Why did you read this blog about community sermon-listening? What caught your interest? Were you already aware of your need to reconnect preaching with fellowship? Were you looking for ideas on how to do it? Were you a hesitant reader, knowing that you’d need to reevaluate your sermon-listening practices? Did someone else recommend this blog to you? Are you a preacher looking for ways to achieve community-wide impact in your sermons?

No matter who you are or why you read these blog posts, you’re now faced with a decision. You’ve come to a crossroad in your sermon-listening experience and you must decide which way you’re going to go. The two options are easily understood—either you compartmentalize your life by keeping your sermon-listening and fellowship experiences quite separate, or you commit to integrate the two so that they never take place one without the other. Which will it be? It’s a life-changing decision.

Don’t move on without answering that question. If you want to practice community sermon-listening, you need to make a plan. You need to involve others. The practice is by nature, communal. Maybe, you’ll need to do some work to convince others of this vital need. Take a long-term approach. We’re talking about changing church culture. You’ll need to lead by example.It’s very likely that you’ll meet some opposition. Modern Christians have developed a keen independence. We don’t like to open up. We share a little of our shallow selves, but seldom show real transparency. But real sanctification is a community project. It requires the challenges, trials, disciplines, support, encouragements, and changes that other people bring into your life.
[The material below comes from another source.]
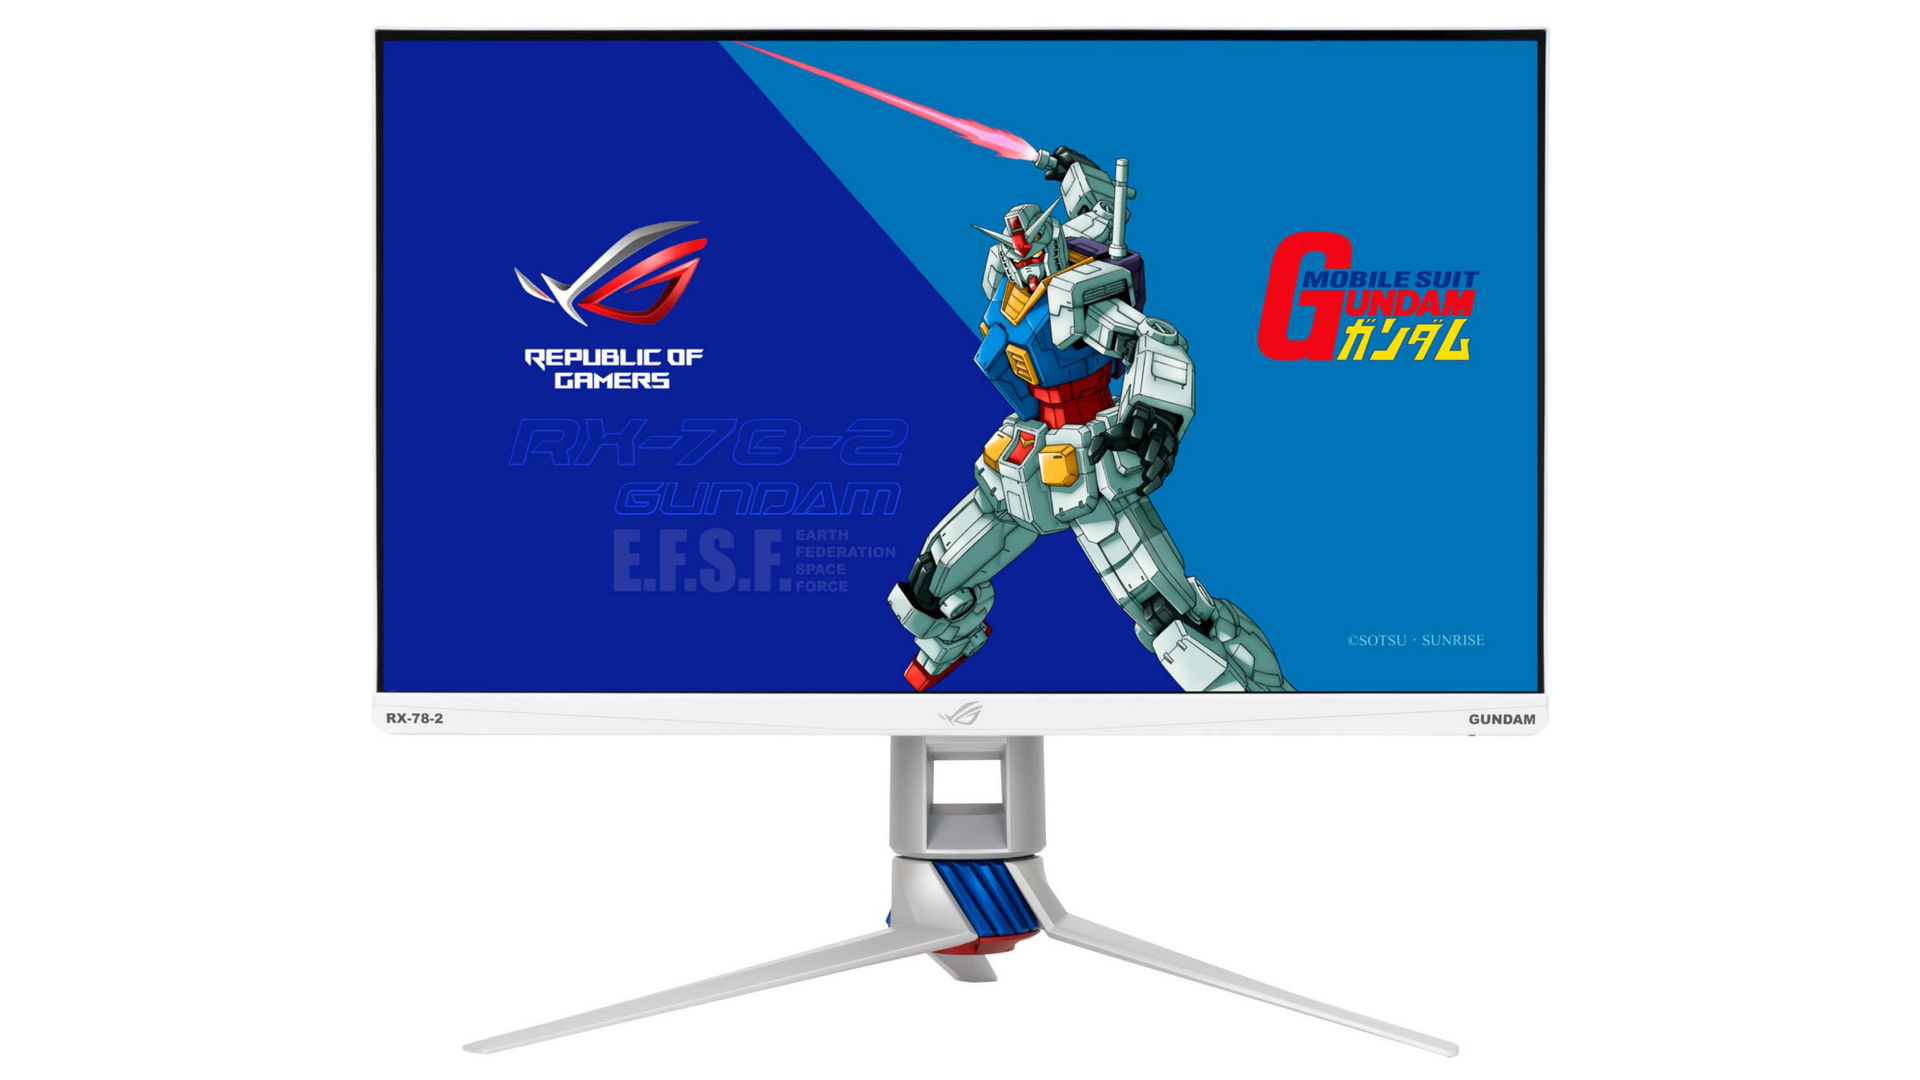 Với màn hình Asus ROG Strix XG279Q-G Gundam Edition, bạn sẽ được trải nghiệm một màn hình chất lượng cao, có tính năng độ phân giải cực cao và khả năng hiển thị màu sắc đầy sắc nét. Hãy cùng hòa mình vào màn hình máy tính với hình ảnh siêu thực và đặc biệt chỉ có tại Asus ROG Strix XG279Q-G Gundam Edition.

That’s what fellowship is.

Real sanctification occurs when our souls are laid bare to the living and abiding Word of God. It happens when God’s powerful Word is read, explained, and applied to the gathered church. That’s what preaching is.

Now, put the two together—preaching and fellowship—sermon-listening and community—sound doctrine and accountability—that’s the recipe for church-wide transformation. That’s what the church must recover. That’s what sanctification is.

Preaching is most effective when people listen together—people who are responsible to care for one another, pray for one another, counsel one another, encourage one another, confront one another, and generally look out for one another spiritually. It’s the community aspect of preaching that makes a sermon a sermon. If we overvalue and overuse the sermons available on the Internet, we risk becoming observers to the sermon event, watching from a distance, detached, and unimplicated by the sermon’s demands.

What you do now will set the spiritual trajectory for you and for your church. May God bless you.